Learning to Communicate Through Implicit Communication Channels
Han Wang, Binbin Chen, Tieying Zhang, Baoxiang Wang
TL;DR
The paper tackles communication in cooperative multi-agent systems where explicit channels are unavailable, by introducing the Implicit Channel Protocol (ICP). ICP encodes information into scouting actions via a centralized mapping, creating a broadcastable implicit channel and enabling end-to-end learning of both action policies and messaging with approaches like random and delayed information maps, hat mapping, and Gumbel-Softmax.
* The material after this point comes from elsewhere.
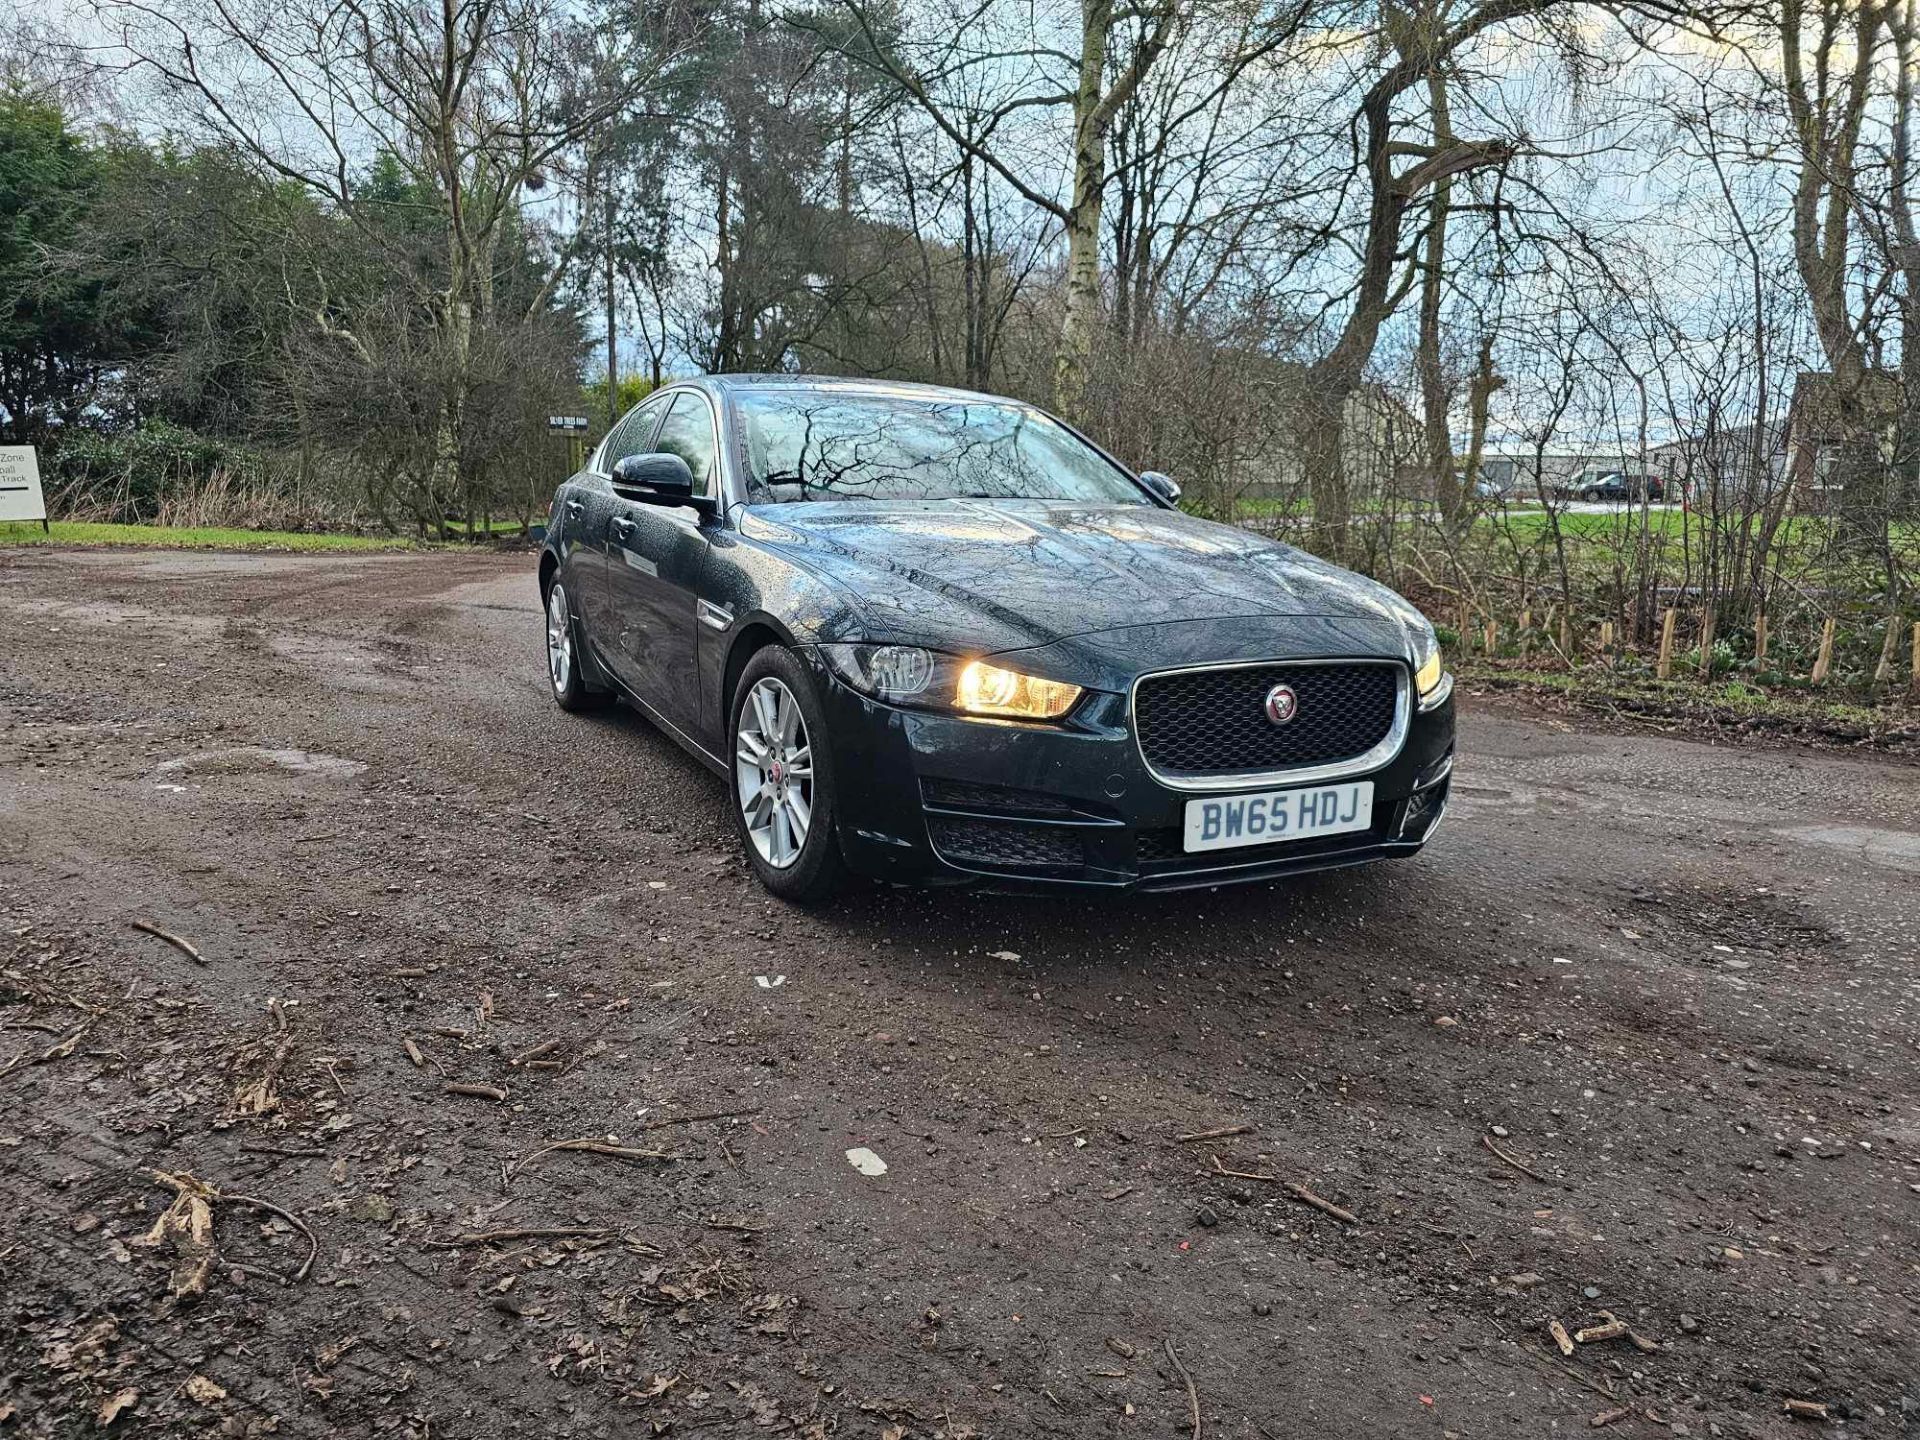 2015 65 JAGUAR XE SALOON - STARTS AND DRIVES BUT ENGINE IS NOISY - ALLOY WHEELS - 5 SERVICES. - Image 7 of 10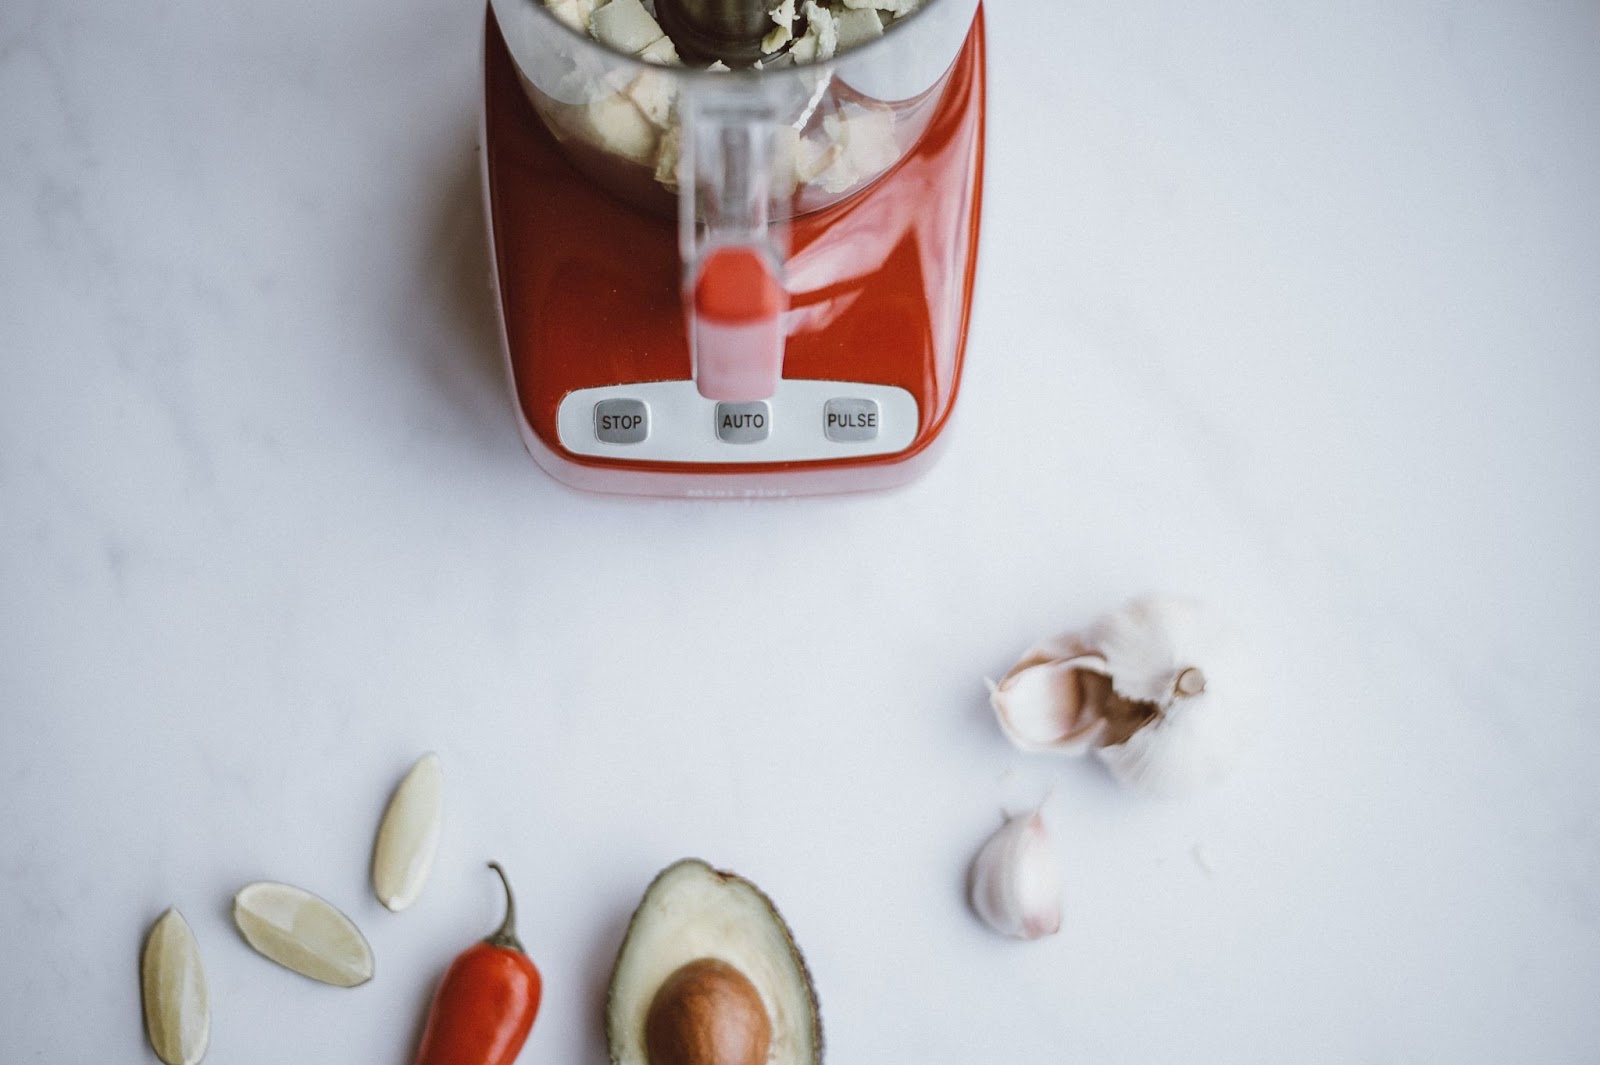 A high-powered hand blender is needed for blending tougher ingredients.

It demonstrates significant performance gains across Guessing Numbers, Revealing Goals, and Hanabi, notably achieving 24.91/25 in Hanabi—near the theoretical maximum—and outperforming ToM-based and baseline methods. The work highlights reduced computational overhead compared to ToM reasoning, flexible compatibility with multiple training algorithms, and avenues for leveraging environmental information to further enhance implicit communication in MARL.
Abstract
Effective communication is an essential component in collaborative multi-agent systems. Situations where explicit messaging is not feasible have been common in human society throughout history, which motivate the study of implicit communication. Previous works on learning implicit communication mostly rely on theory of mind (ToM), where agents infer the mental states and intentions of others by interpreting their actions. However, ToM-based methods become less effective in making accurate inferences in complex tasks. In this work, we propose the Implicit Channel Protocol (ICP) framework, which allows agents to communicate through implicit communication channels similar to the explicit ones. ICP leverages a subset of actions, denoted as the scouting actions, and a mapping between information and these scouting actions that encodes and decodes the messages. We propose training algorithms for agents to message and act, including learning with a randomly initialized information map and with a delayed information map. The efficacy of ICP has been tested on the tasks of Guessing Numbers, Revealing Goals, and Hanabi, where ICP significantly outperforms baseline methods through more efficient information transmission.